EastFruit has previously reported on the ban on the export of onion, recently introduced by the Government of India in measures to combat the rapid rise in prices for these products and the opportunities opening up for Ukraine suppliers in the traditional Indian exporters’ markets.

ProduceReport notes that the first, who will take advantage, are the suppliers of onions from China, which annually produces over 20 million tons of these products. For example, journalists cite a similar situation last year, because India is not the first time to introduce such restrictions on exports.

Thus, last season, a similar ban was in effect from September 2019 to mid-March 2020. As a result, many countries in Southeast Asia and the Middle East that rely on onion imports quickly reoriented themselves to China’s suppliers.

During this period, the export volumes of onions from the Chinese province of Gansu (the largest producing region in the PRC) increased 13 times! Nepal is another example. According to the Nepalese customs, in November-December 2019, the country imported 823 tons of onions from China, although such supplies were not registered a year earlier.

In the current season, onion production in India has significantly decreased due to heavy rains, and prices have rapidly increased. To level the price situation on the market on September 14, the Indian government banned the export of all onions, except onion slices and powder. As a result, such actions immediately led to an increase in prices in India’s neighboring countries.

Onions are one of South Asia’s key products, and countries such as Bangladesh or Nepal depend on India’s supplies. According to reports from Bangladesh media outlets, the ban has caused panic in a country where 95% of onion imports are imported from India. Immediately after the ban on the border with India, about 1,000 trucks with 25,000 tons of loaded products were stopped.

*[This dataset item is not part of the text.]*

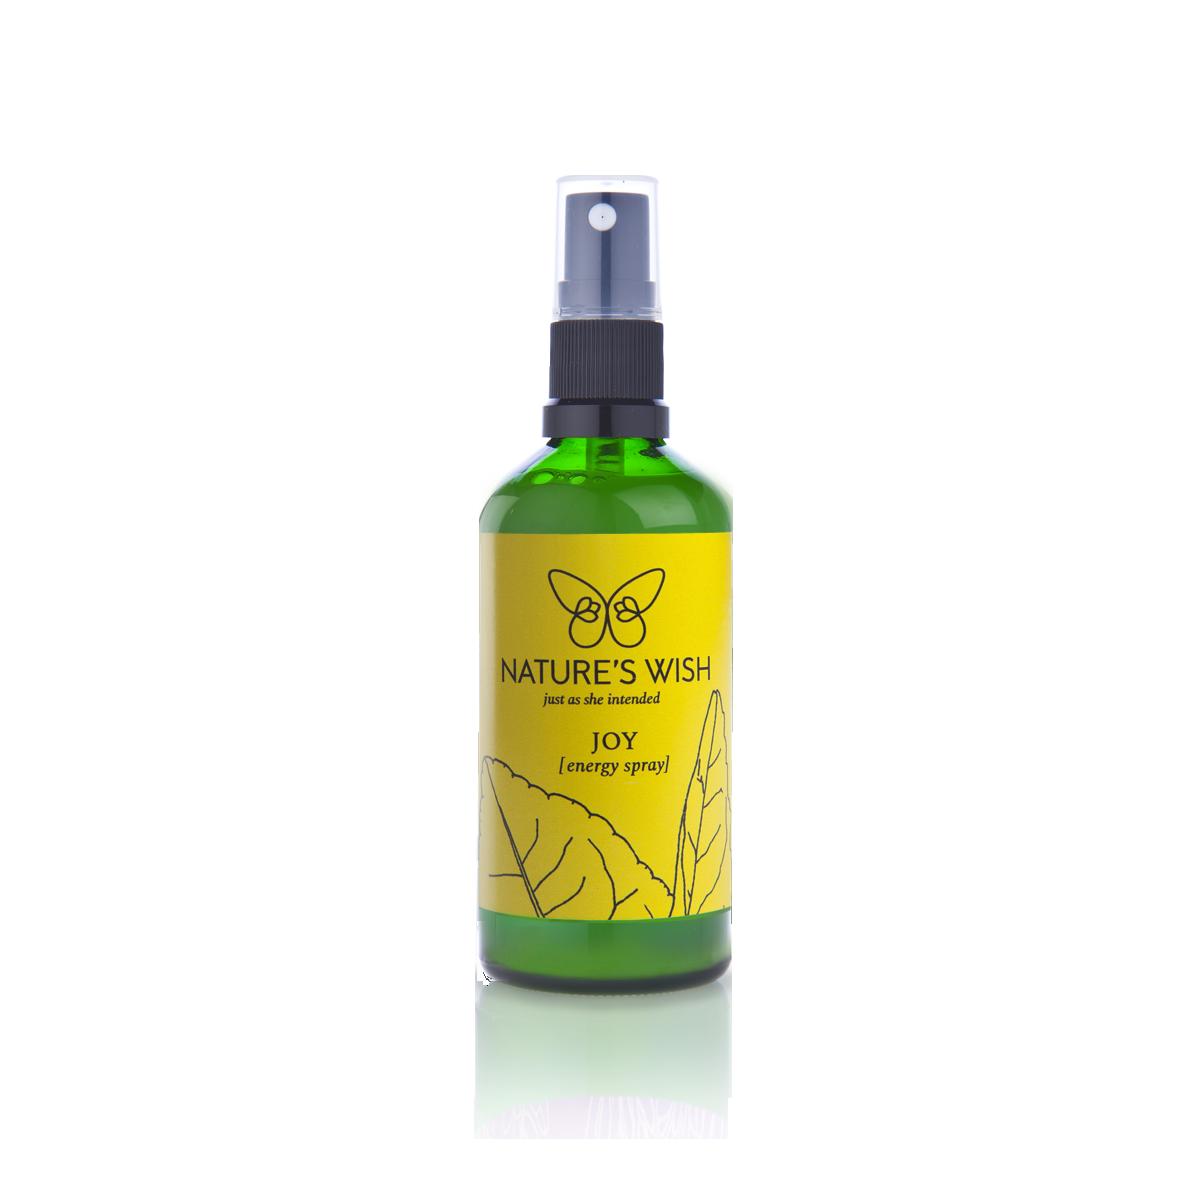 bergamot-lemon-rose-geranium-roman-chamomil-ylang-ylang-sweet-pea-angels-trumpet-willow-crystal-essences-rose-quartz-flower-essence-aromatherapy-energy-spray

To cope with the situation, Bangladesh’s government has temporarily canceled the import duty on onions on September 20, until March 2021. Now local onions in Bangladesh are sold at $ 0.94-1.19 / kg, while imported products are offered at $ 0.76-0.90 / kg. However, these are not the record prices that the Indian export ban has driven. For example, last year in Bangladesh, buyers had to pay up to $ 3.54 per kg of onions.

According to local experts, in 2020, Bangladesh will need to import about 600 thousand tons of onions to fully meet the local market demand. China, Myanmar, Afghanistan, and Egypt may become alternative suppliers. In connection with the crisis in a neighboring country’s market, India even slightly relaxed the export ban, allowing trucks with previously contracted volumes to cross the border.

Now the Indian government is also considering the possibility of resuming full-fledged supplies not only to Bangladesh but also to Nepal and Bhutan, fearing that the vacated market share could be taken by China and other suppliers such as Pakistan and Turkey.